Understanding Bagel Land

"Bagel land" is a colloquial term for a historically valuable stock that is approaching a $0 price tag, typically as a result of business issues. For example, suppose a stock was trading at $10 per share when you purchased it. However, due to adverse earnings and poor business conditions, its price dropped to $0.30 in the six months after you made the purchase. You could refer to this stock as having "gone to bagel land".

If an asset is approaching $0, investors generally feel that the security is worthless. In many cases, a company may be nearing bankruptcy or facing major solvency issues. While returning from so-called "bagel land" is possible, the likelihood that equity investors will lose all of their stake in the company is very high.

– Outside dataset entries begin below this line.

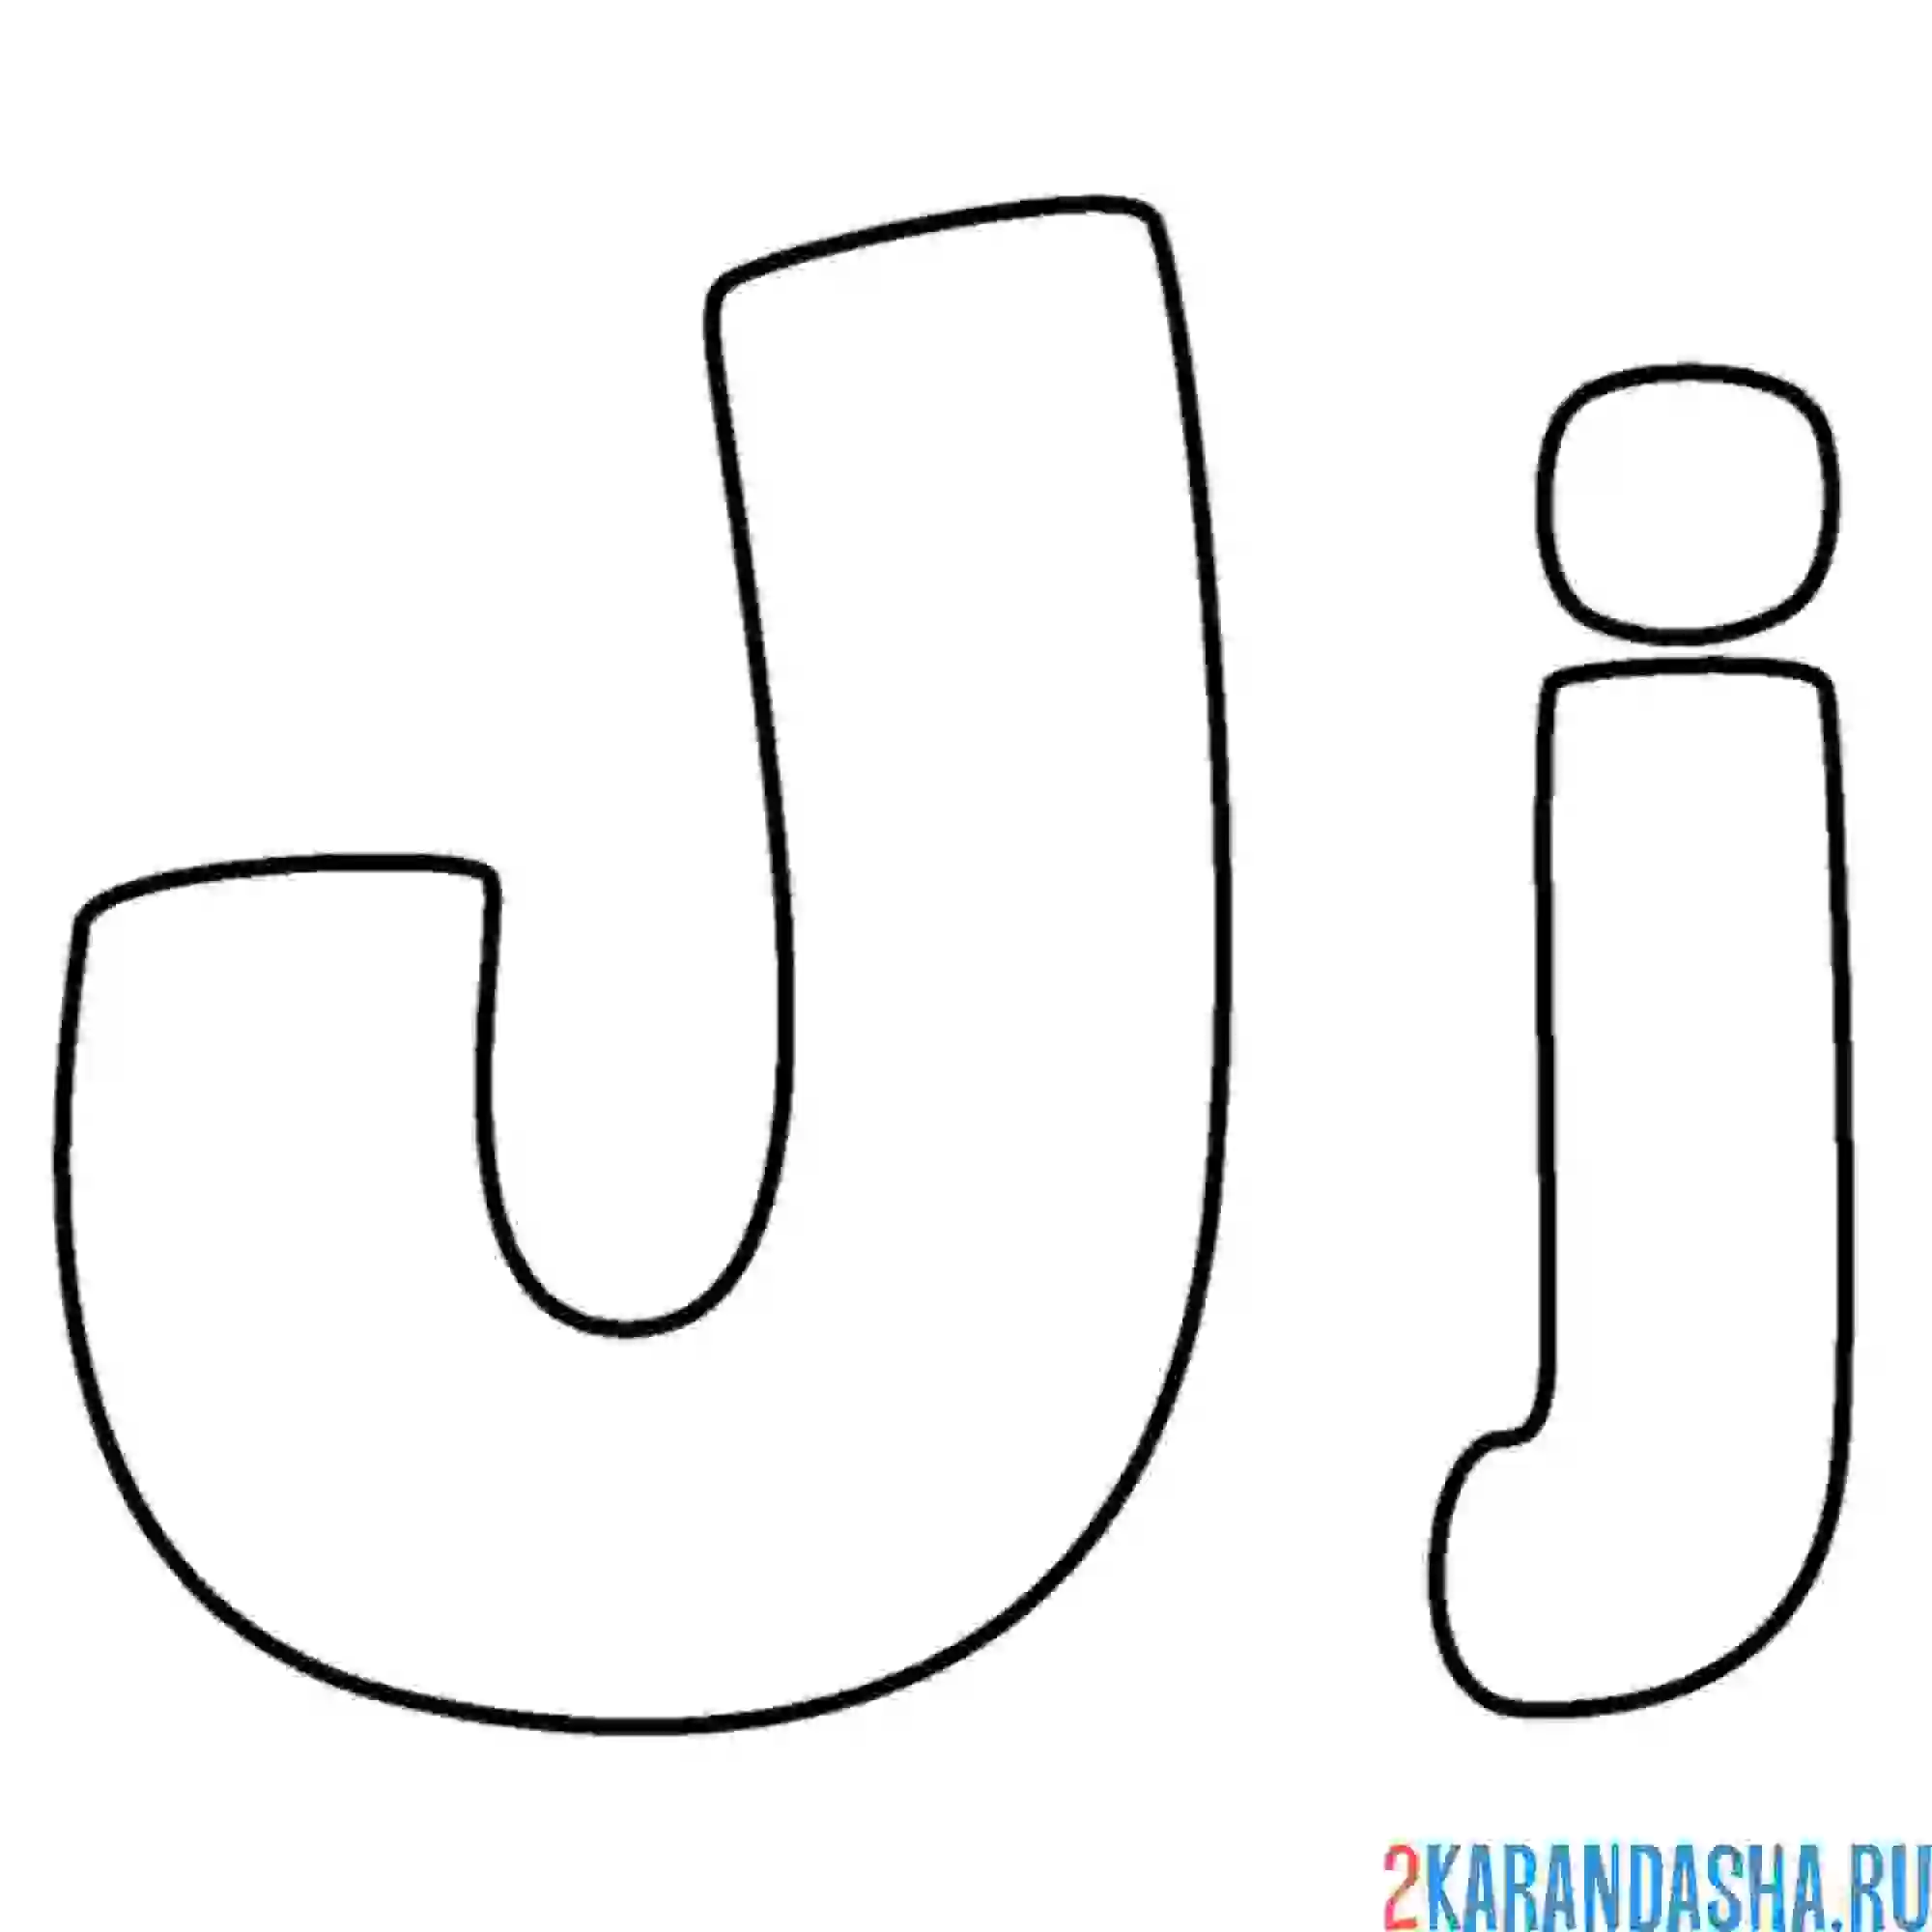 Раскраска буква j английского алфавита
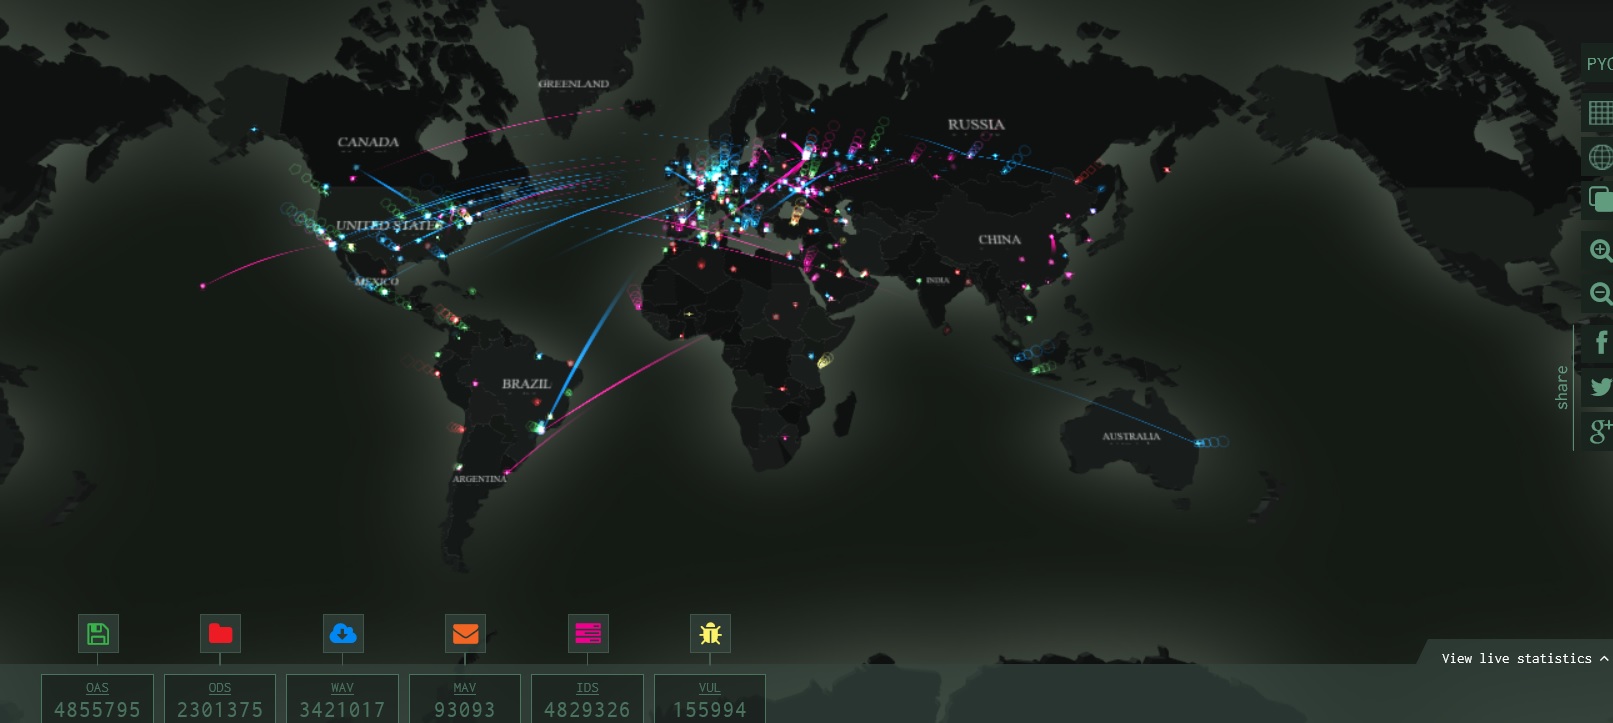 Kaspersky Lab ha plasmado en un interesante mapa interactivo en el cual podemos ver, en tiempo real, las amenazas cibernéticas a las que se enfrentan países de todo el mundo, una verdadera ciberguerra mundial.
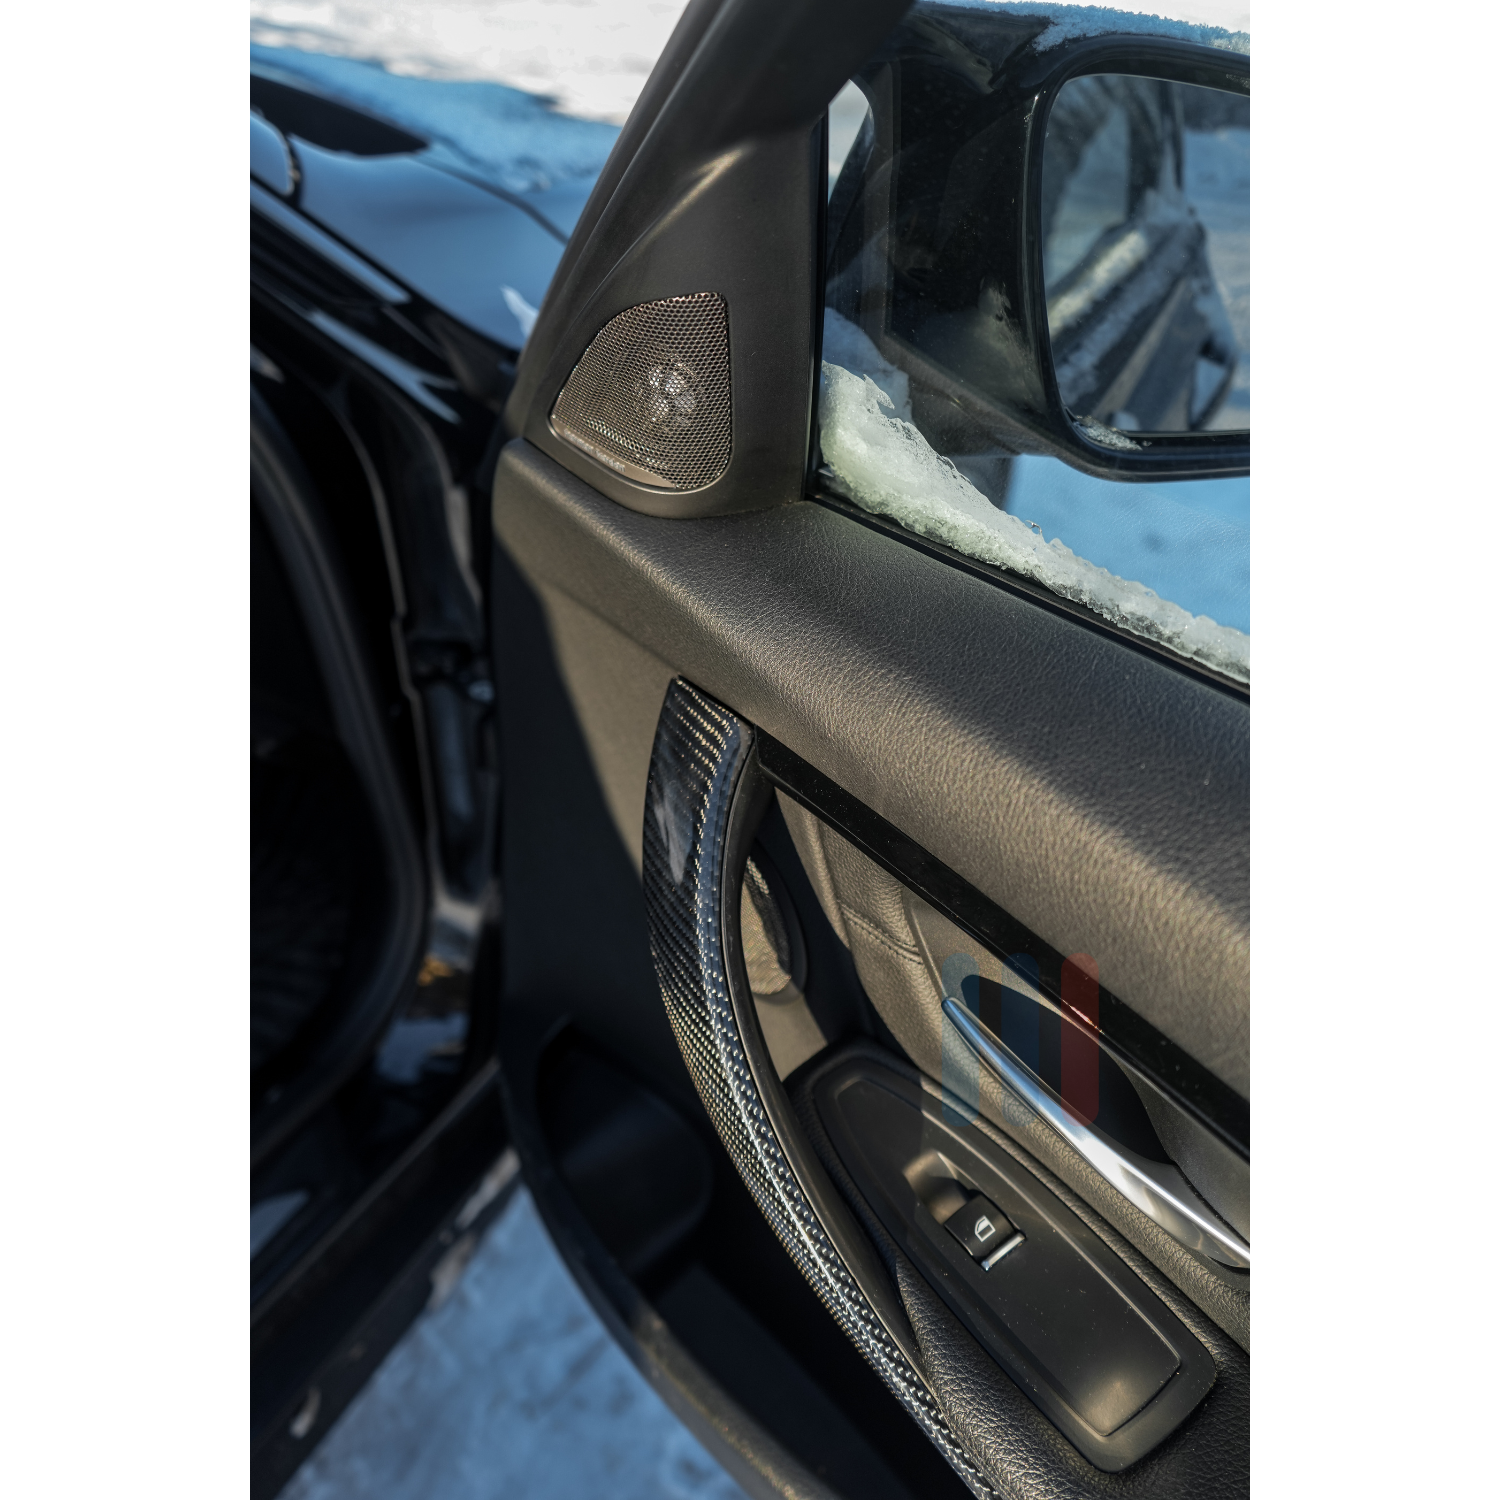 BMW F3x/F8x Karbon Interiør Trim Kit
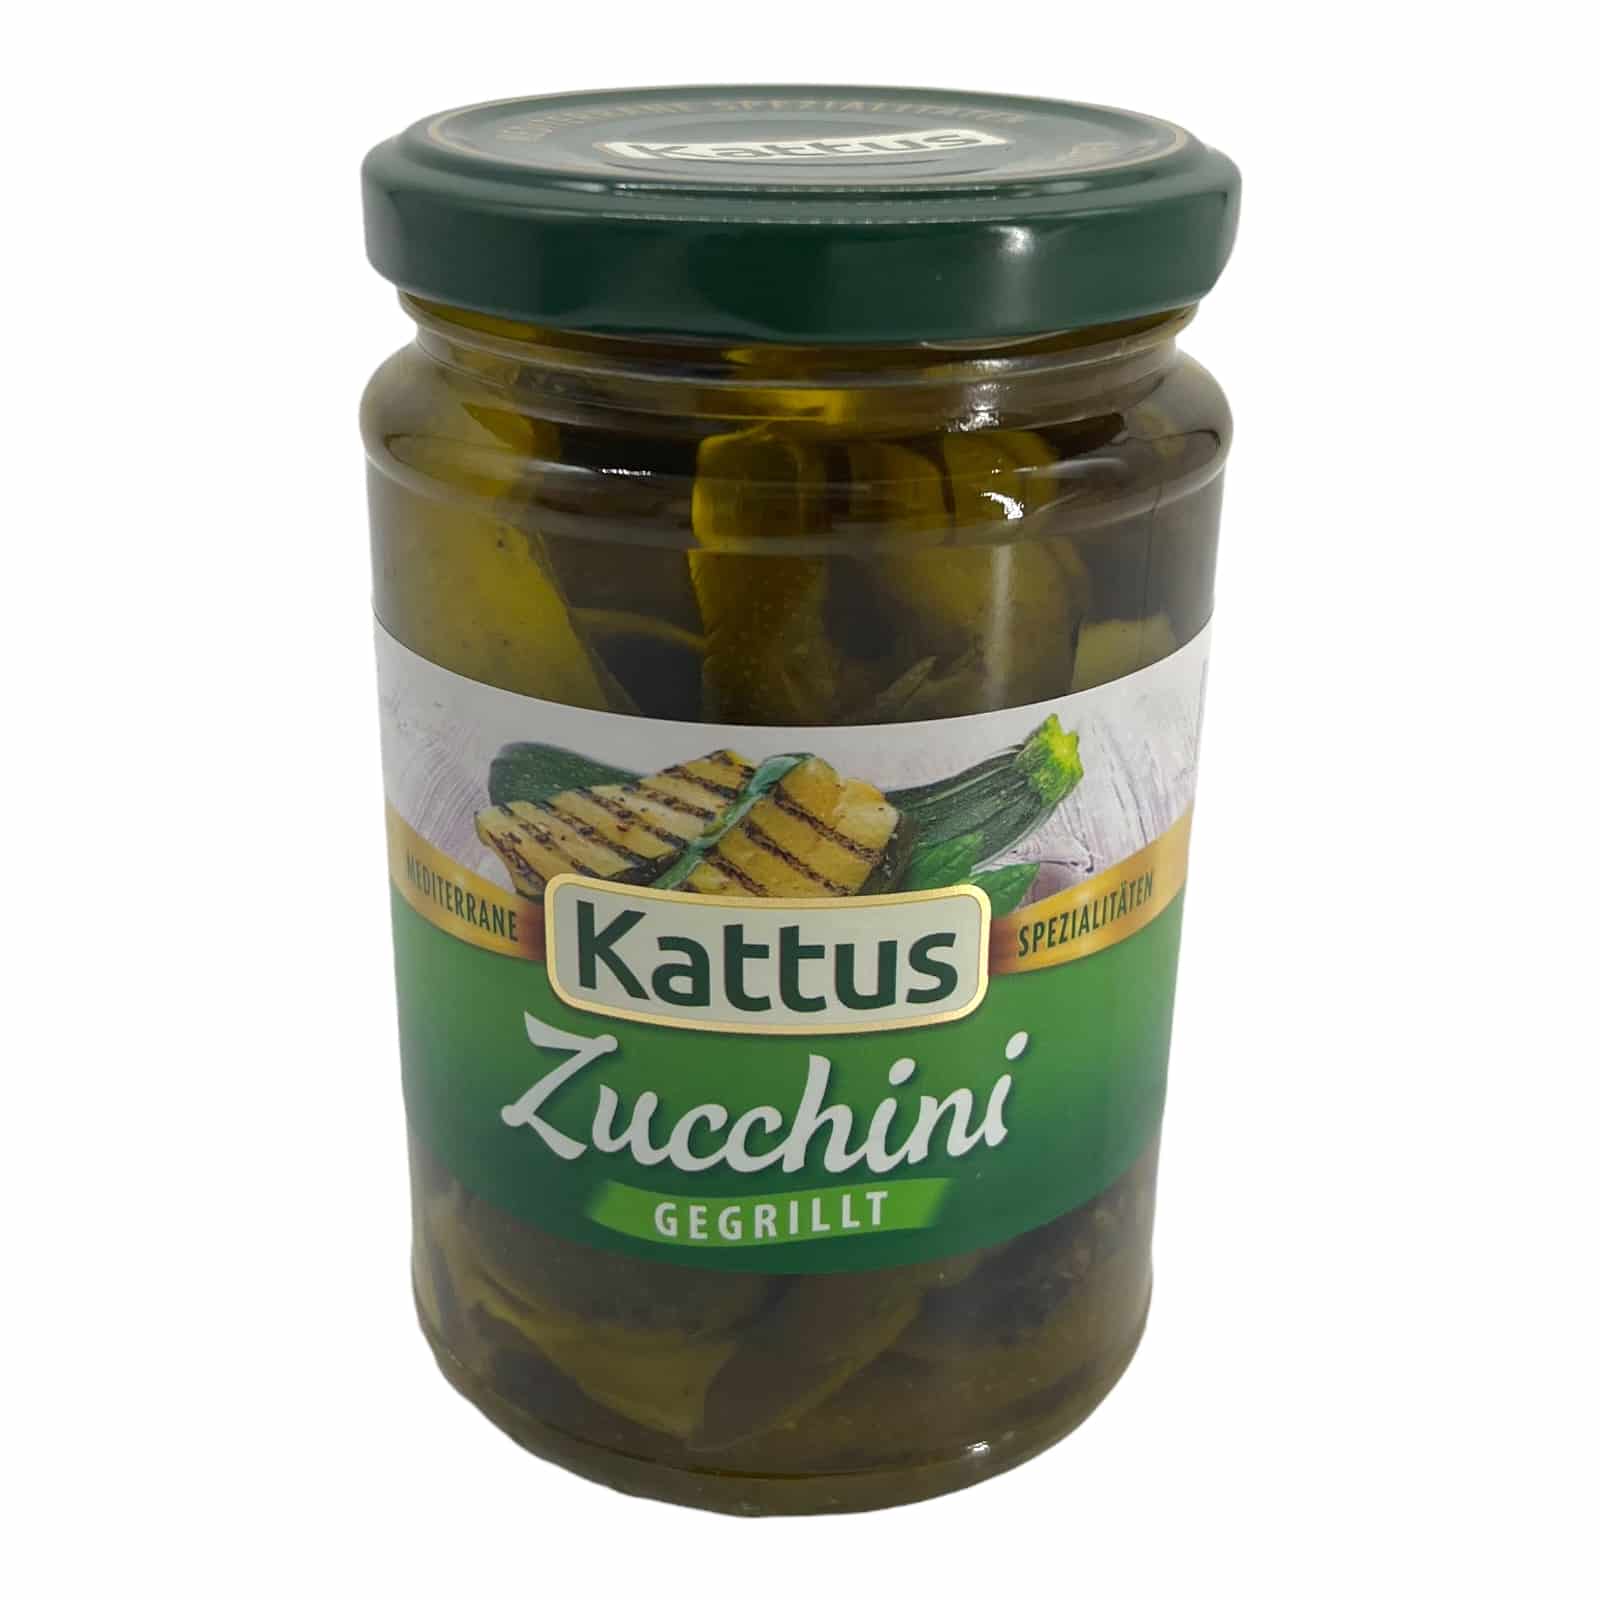 Kattus Zucchini gegrillt 280g

A bagel land stock is typically not available for purchase through regular channels and may begin trading elsewhere. This is because a stock that is approaching a $0.00 price may have dropped below a certain price threshold that makes it eligible for trading on an exchange. For example, the New York Stock Exchange (NYSE) has a $4.00 minimum trading price requirement for stocks. Once a stock declines below that threshold, it cannot be purchased through direct channels on the exchange.

Example of Bagel Land

Paragon Offshore Limited was a provider of offshore drilling rigs. The company's earnings were therefore closely tied to the health of the oil industry. When oil prices have rallied, Paragon's stock price had also risen. But the stock has also experienced downfalls concurrently with slumps in the oil industry. In 2011, Paragon's stock was trading at $56.41.

During this period, the Brent Crude oil benchmark crossed $100 per barrel price for the first time. When the price of oil then plummeted in 2016, Paragon's business suffered in turn. It was forced to file for bankruptcy in 2016. Its stock price, which had been cratering, headed into bagel land soon afterward.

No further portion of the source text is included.